Николай рассмеялся слегка принуждённо:

— Ну Савка, ну писака! Не скроешься от тебя… Ты прав, я кроме портфеля, грешным делом, в карман к нему залез, да портмоне вытащил — сильно хотел узнать, что это за птица.

— И как, узнал? — Савелий откинулся на стул, довольно улыбаясь и крутя в руках рюмку с коньяком.

— Узнал, не узнал, — недовольно проворчал Николай, неодобрительно глядя на улыбающегося журналиста, — была там бумажка, по-английски писанная, что, мол, предъявитель сего, некий Джек Смит из Нью-Йорка, представитель какой-то там фирмы. Я ведь по-английски неплохо знаю, не то, что по-немецки!

— А там так и было — Джек Смит?

— Ну да. Я хорошо запомнил, мне ещё странным показалось, имя такое, хрестоматийное, что ли…

— Вот и я о том же. Наверное, ему эту бумажку перед выездом в Маньчжурию сделали. Как же, Джек Смит! Впрочем, это пока — побоку, ты лучше расскажи, что там дальше было!

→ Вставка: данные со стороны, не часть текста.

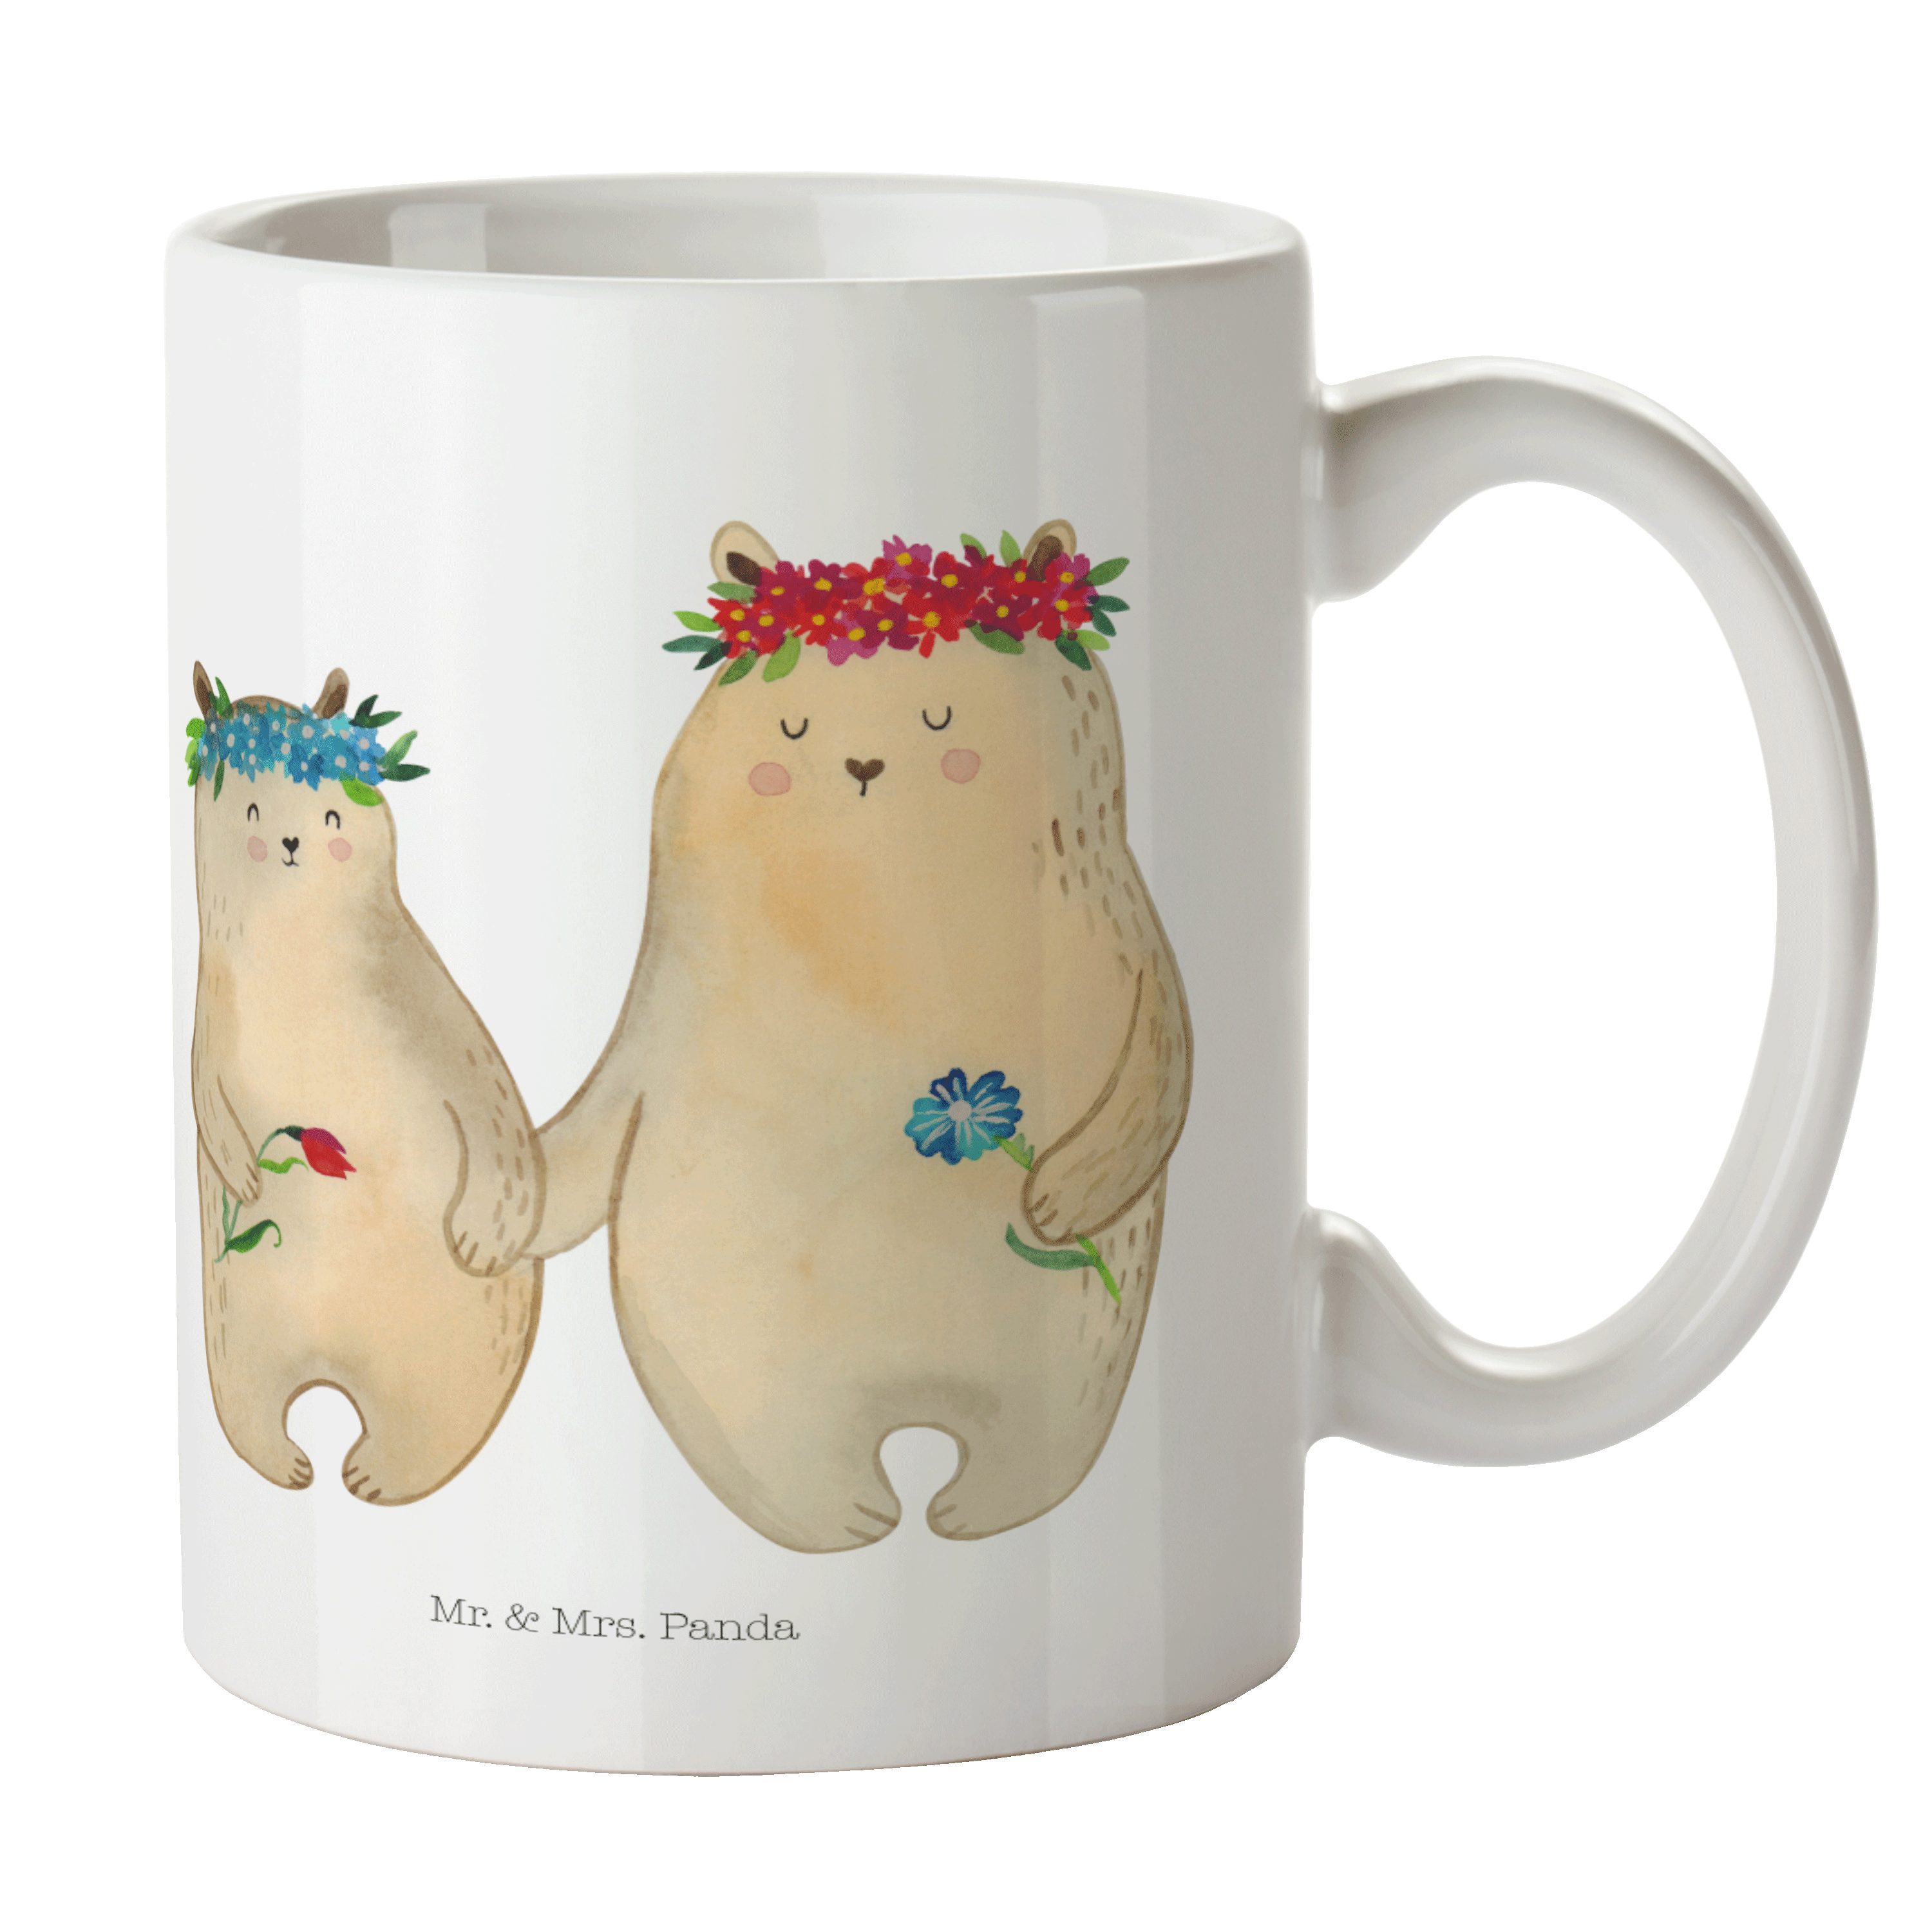 Mr. & Mrs. Panda Tasse Bären mit Blumenkranz - Weiß - Geschenk, Tasse Motive, Mutti, Tasse, Keramik
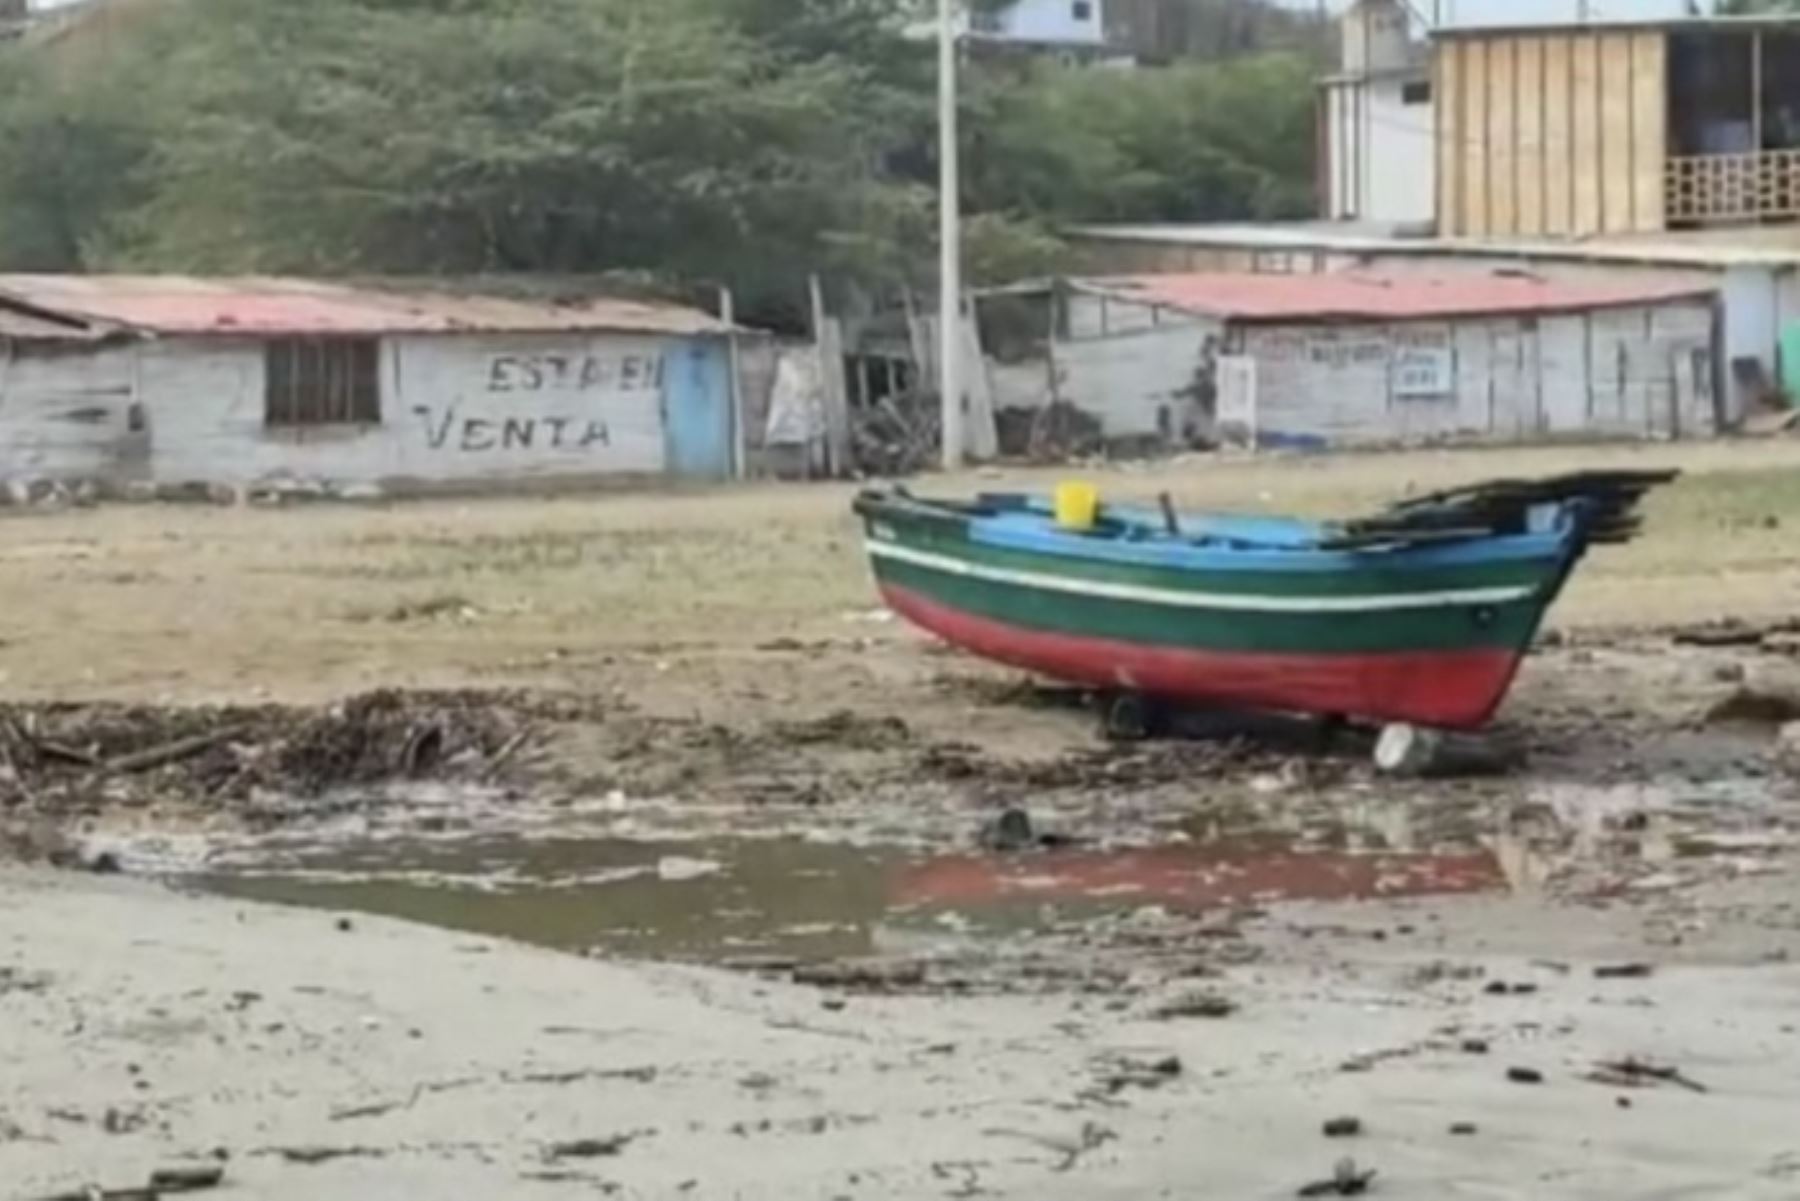 Oleajes ligeros a fuertes obligan a cerrar 69 puertos de todo el litoral

— А дальше, Савка, всё плохо было, — помрачнел Николай, — как-то вечером, после винта с обычной сопутствующей выпивкой, мы в очередной раз трепались с фон Штальке, и опять про рейд вспомнили, и снова портфель этот упомянули. А Митя вдруг возьми и скажи: «Помню, мол, был такой портфель, я его недавно нашёл и спрятал, а где спрятал, никто кроме меня не знает!». Я, было, удивился, что он там видел, и где спрятал, а потом понял, что Митя просто выделывается перед этим фон Штальке, да и перед остальными офицерами. Он самым младшим был, мальчишка совсем, прапорщик, а этот — штабс-капитан, как и я, бравый офицер и всё такое. Ну, и выпили мы, как обычно. Нам-то ничего, хоть немедля в атаку, а Митеньку понесло. Начал руками размахивать, твердить, что прямо сейчас портфель этот достанет, а завтра господину полковнику предъявит. И действительно, куда-то отправился, пошумел немного, мы даже хотели за ним пойти, утихомирить да спать уложить: война ведь, хоть и не на передовой, но всё же…

Мы тоже вскоре разошлись, посмеиваясь над юным прапорщиком, и собираясь улечься спать. До сих пор не понимаю, что меня толкнуло свернуть туда, где была Митина палатка. Какая-то тревога царапала изнутри. Всплывали в памяти эти странные разговоры, постоянное напоминание о таинственном портфеле, явный интерес к нему фон Штальке и глупая Митина бравада.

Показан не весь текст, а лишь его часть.